Andy only decided that he wanted to become a career academic in his final year as a D.Phil. student.

Reflection 11: When did you decide on academia as a viable career option? Under what circumstances was this decision made?

Most of his peers, especially the British students, aimed for lucrative corporate jobs in the city, including finance and banking. Andy, however, was not interested in these options and was not even looking for a job in the UK. What he felt he needed was more experience. Having grown up in Hong Kong and spent seven years in the UK, he needed to spend some time in the United States. Not only would this put him at the heart of some of the best research work being done in Chemistry at the time, but it would also expand the breadth of his experience over three continents, putting him in good stead for an academic career. Today, Andy recognizes the profound importance of having strong foundations. Rightly or wrongly, doors tend to open for those who graduate from the ‘right’ places. They remain closed or are much more difficult to open for those who start out on the ‘wrong’ track. Hence, they must try extra hard to succeed.

Reflection 12: Was your entry into academia smooth sailing? How did you prepare for it? Did you have the right ‘foundations’? Or did you have to overcome many barriers and obstacles?
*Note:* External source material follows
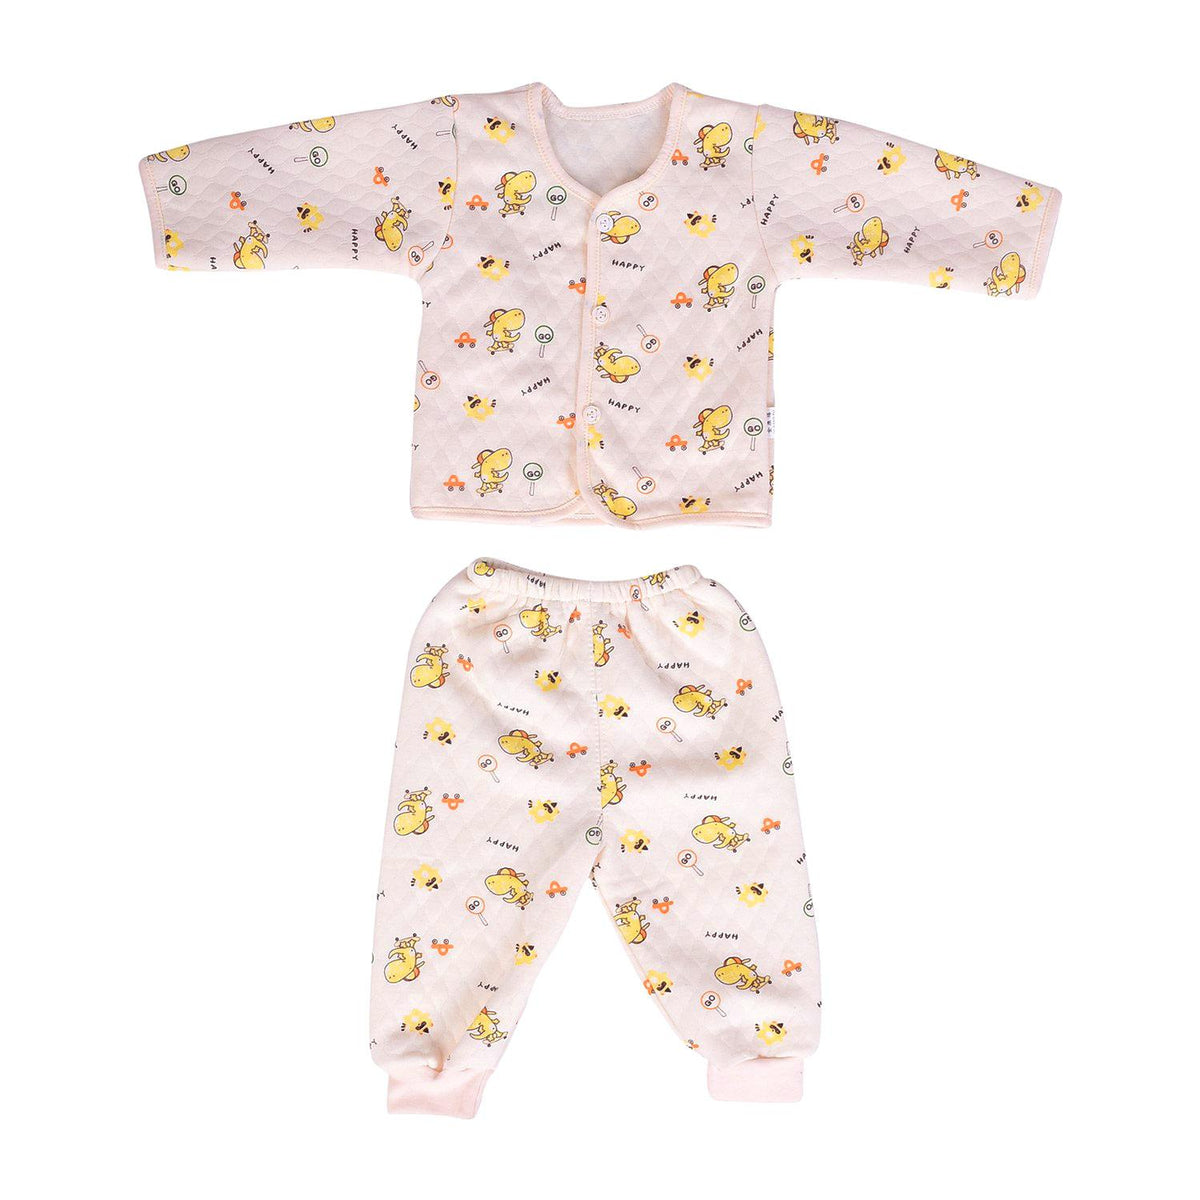 Unisex Baby Cotton Suit-1 Pajama and 1 Shirt- Yellow Fish

Was there anyone – an advisor or mentor perhaps – who helped you to find your way into academia?

Andy, always sympathetic to those among his students who find themselves on the wrong track, makes it a point to help them find their way.

Reflection 13: Do you think your students regard you as a role model, mentor, or coach, where their life choices are concerned? Do you make yourself available to help them in this regard? How much and what kind of help should you be giving?

In 1983, Andy took up a post-doctoral position at Yale University. He found many opportunities to socialize with Chemistry freshmen, including many American-born Chinese or ‘ABCs’ as they were often called. He gave some of them free tuition, gaining his first experience of personalized teaching. Even though he felt that first-year Chemistry in US universities was taught at a very basic level, he found the experience of teaching very satisfying. That was when he understood the meaning of ‘learning through teaching’. He was offered accommodation at the International Center that featured a very international mix of students and fellows. The university had exactly what he was looking for in campus life. In such a diverse community, he quickly learnt how to deal with people who came from different backgrounds and had different ways of thinking. His postdoctoral advisor, for instance, was an aggressive and target-driven American.

Reflection 14: How ‘globally-minded’ or ‘cosmopolitan’ would you say you are as an academic? How diverse is the NUS community of faculty, students, and staff? How significant is diversity in global academic practice today? To what extent are inter-cultural knowledge and competencies crucial for a successful career as an academic today?

Andy found himself at the deep end of the research pool. The only way to survive was through hard work. The months at Yale were an exceedingly productive time during which he was able to publish five papers in leading journals.